The first witness called was an elderly female, who gave her name Sarah Hodge, servant to Mr. Morton, in whose house the dead man was found. The deponent stated that she had lived six months with her master, who was a gentleman of independent fortune, residing in a very quiet way within half a mile of the town, her only fellow-servant being a male attendant of Mr. Morton, called James-she did not know his other name. Her master was a great invalid, and, to use her own words, seemed "very much troubled in his mind;" but the deponent seldom saw him, her duty being to keep the house clean, and perform the office of cook, while James waited on Mr. Morton, and slept in the next room to him, that he might be ready at all calls. On the morning previous to the night when the body of the deceased was found on the premises, James informed her that he had leave to go and visit his friends, whom he had only seen once since he had returred with his master from abroad. Witness naturally asked how Mr. Morton could do without him; and James answered, that their master had said he was better, and could well spare him for a few days. He further remarked, that she would now have to make Mr. Morton's bed, and wait upon him, as well as look to the housekeeping.
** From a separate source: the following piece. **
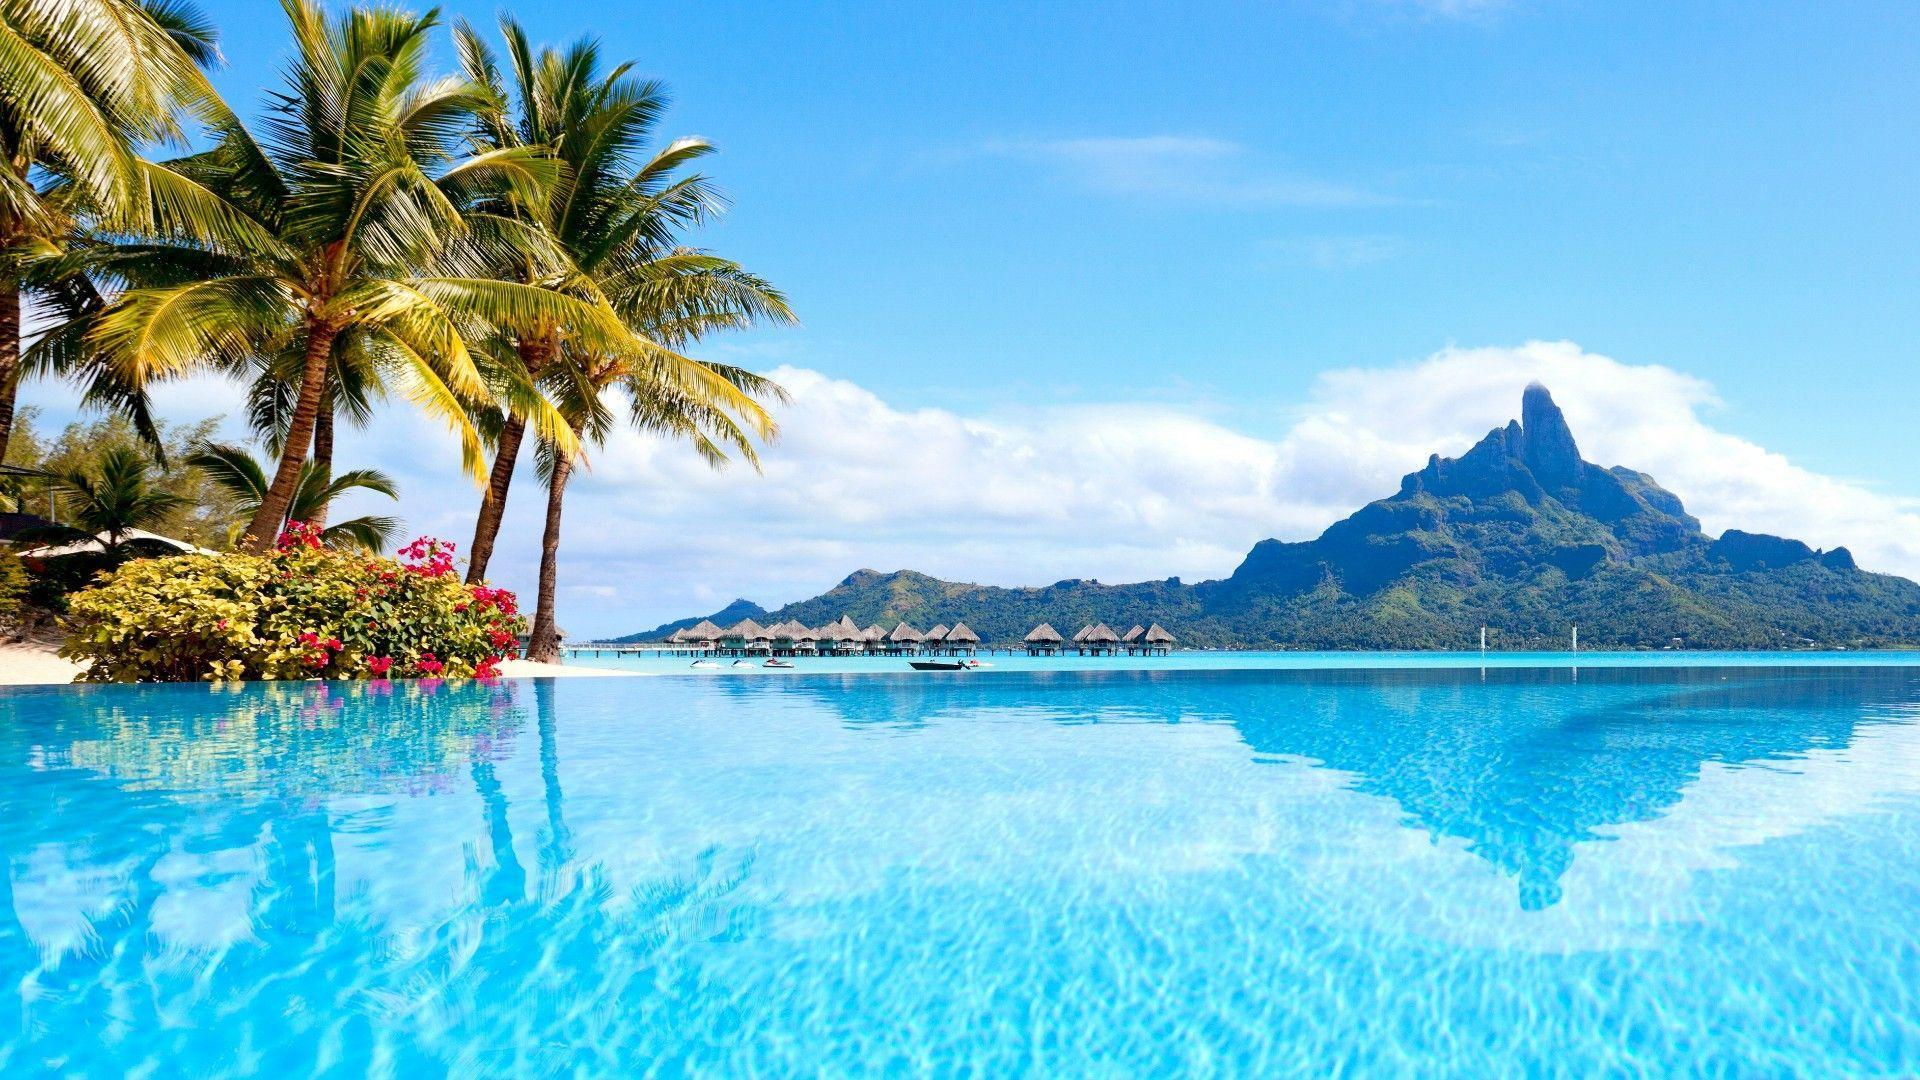 Bora Bora Windows Wallpapers Top Free Bora Bora Windows

Deponent had occasion to go out on an errand towards evening, and, on returning, went into the parlor, where she saw her master, who told her that James was gone, and that he should not want her any more that night, as he was going to bed. About twelve o'clock on the night in question, or it might be early in the morning of the following day, witness was awoke by the cries of Mr, Morton. Thinking he had been taken suddenly ill, she quickly went to his assistance, but found the door of the dressing-room locked. Her master was talking loudly in the bed-room, which communicated with the dressing-room. He was imploring for mercy, and occasionally uttered the word "murder;" but this was not as an exclamation.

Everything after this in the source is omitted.